Structural, biophysical and evolutionary consequences of PncA mutations

Looking at the SNAP231 and PROVEAN32 scores, which consider evolutionary information to predict functionally important nonsynonymous mutations, we observed that resistant mutations were always associated with deleterious scores, while susceptible mutations were scored neutral (Table S1; Fig. 3). This suggest that although mutations were spread throughout the protein, mutations associated with resistance were having a stronger effect on the structure and function of the protein.

Figure 3
figure 3

PCA analysis of key molecular features distinguishing resistant and susceptible mutations. Features used for model building are represented as boxplots for explanatory data analysis. The resistant associated mutations (R) are represented as red and the susceptible mutations (S) as blue. (***p < 0.0001, Welch two sample t-test).

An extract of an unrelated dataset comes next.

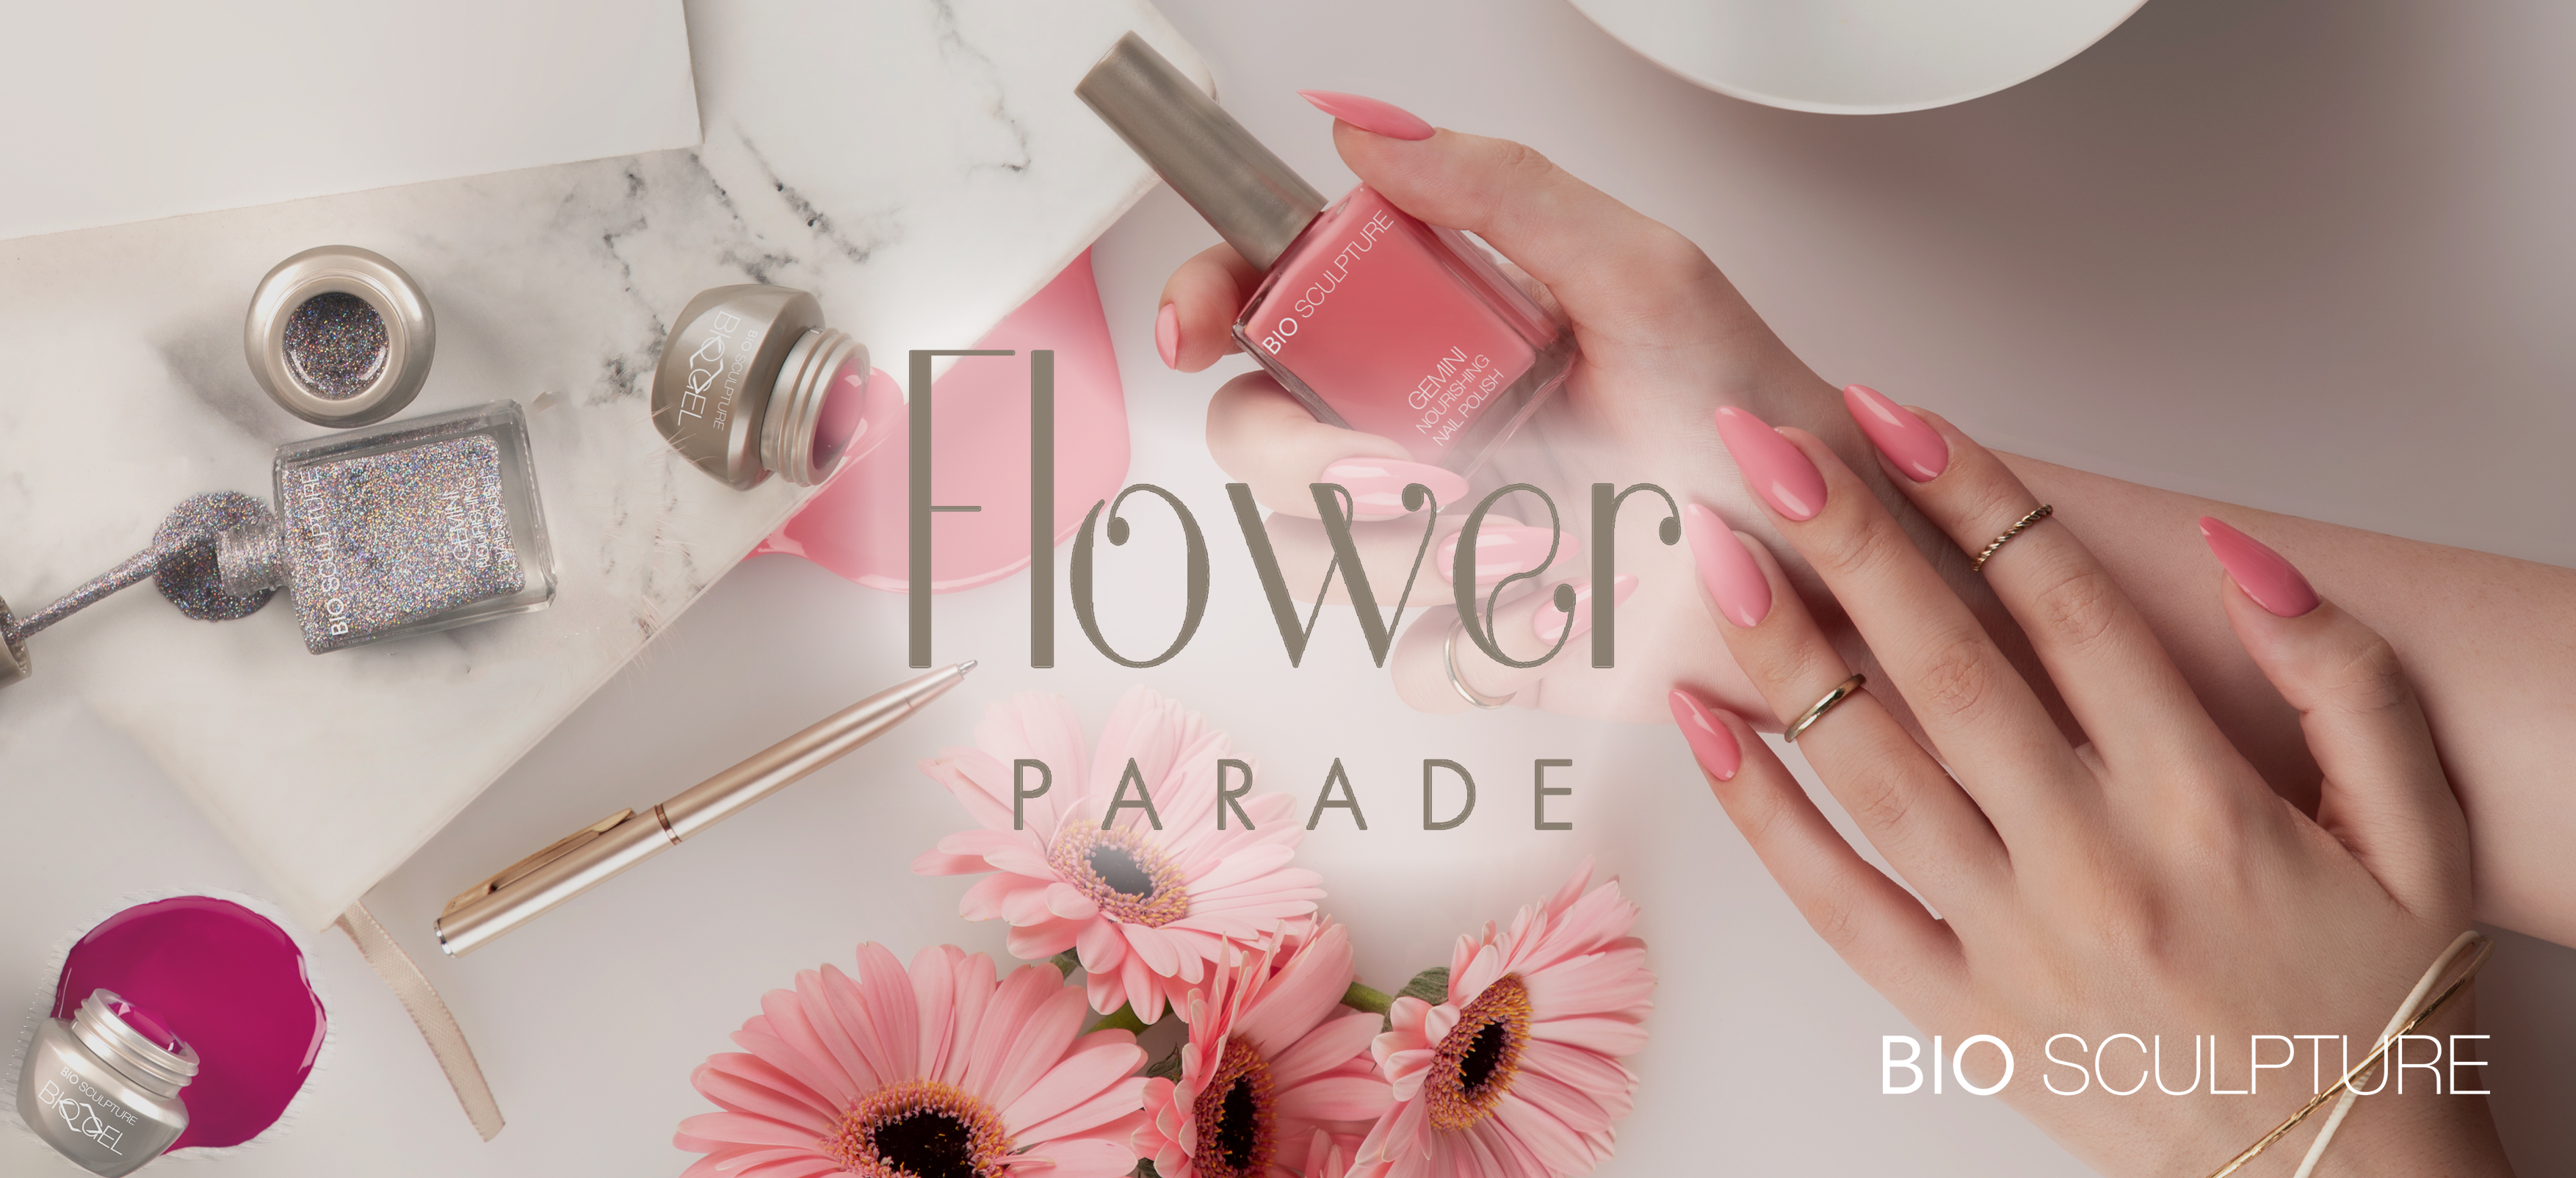 Home Banner - Flower Parade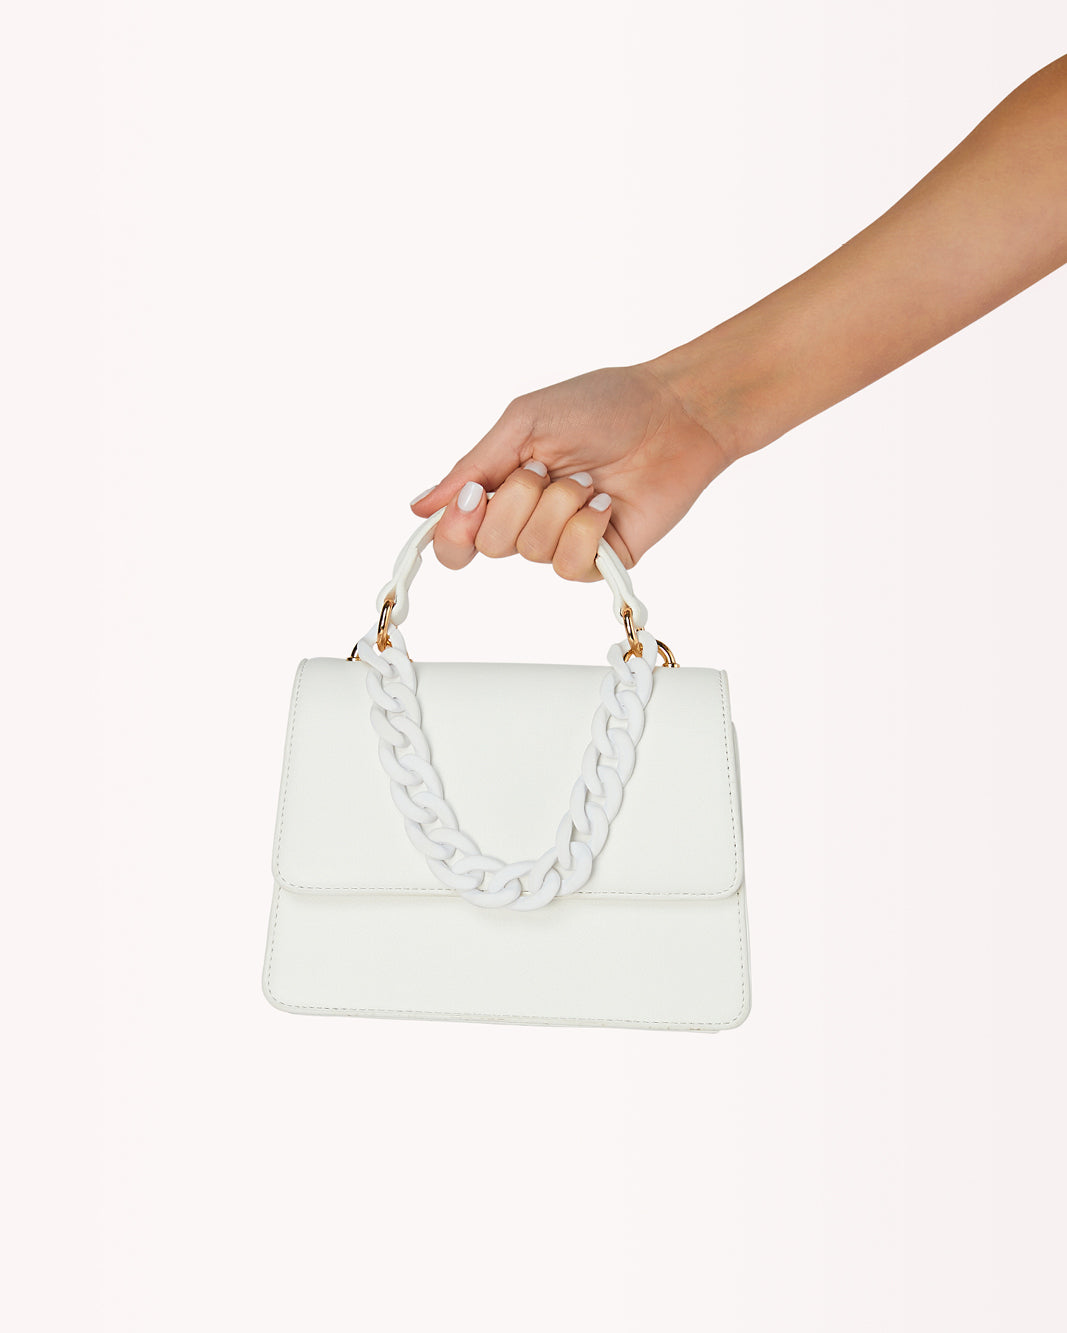 ARRIE CROSS BODY BAG - WHITE-Handbags-Billini--BILLINI USA

The wild-type environment also provided information to differentiate between resistant and susceptible mutations, which included relative solvent accessibility (RSA), residue depth and secondary structure of the wild-type residue (Table S1; Fig. 3). This showed that resistant mutations tended to be found at buried residues that were less solvent exposed (average RSA of 0.18 for resistant mutations compared to 0.39 for susceptible; average residue depth of 1.09 Å for resistant mutations compared to 0.75 Å for susceptible; Table S1). These values were consistent with susceptible mutations being in regions that have milder effects on protein stability and activity than the resistance mutations.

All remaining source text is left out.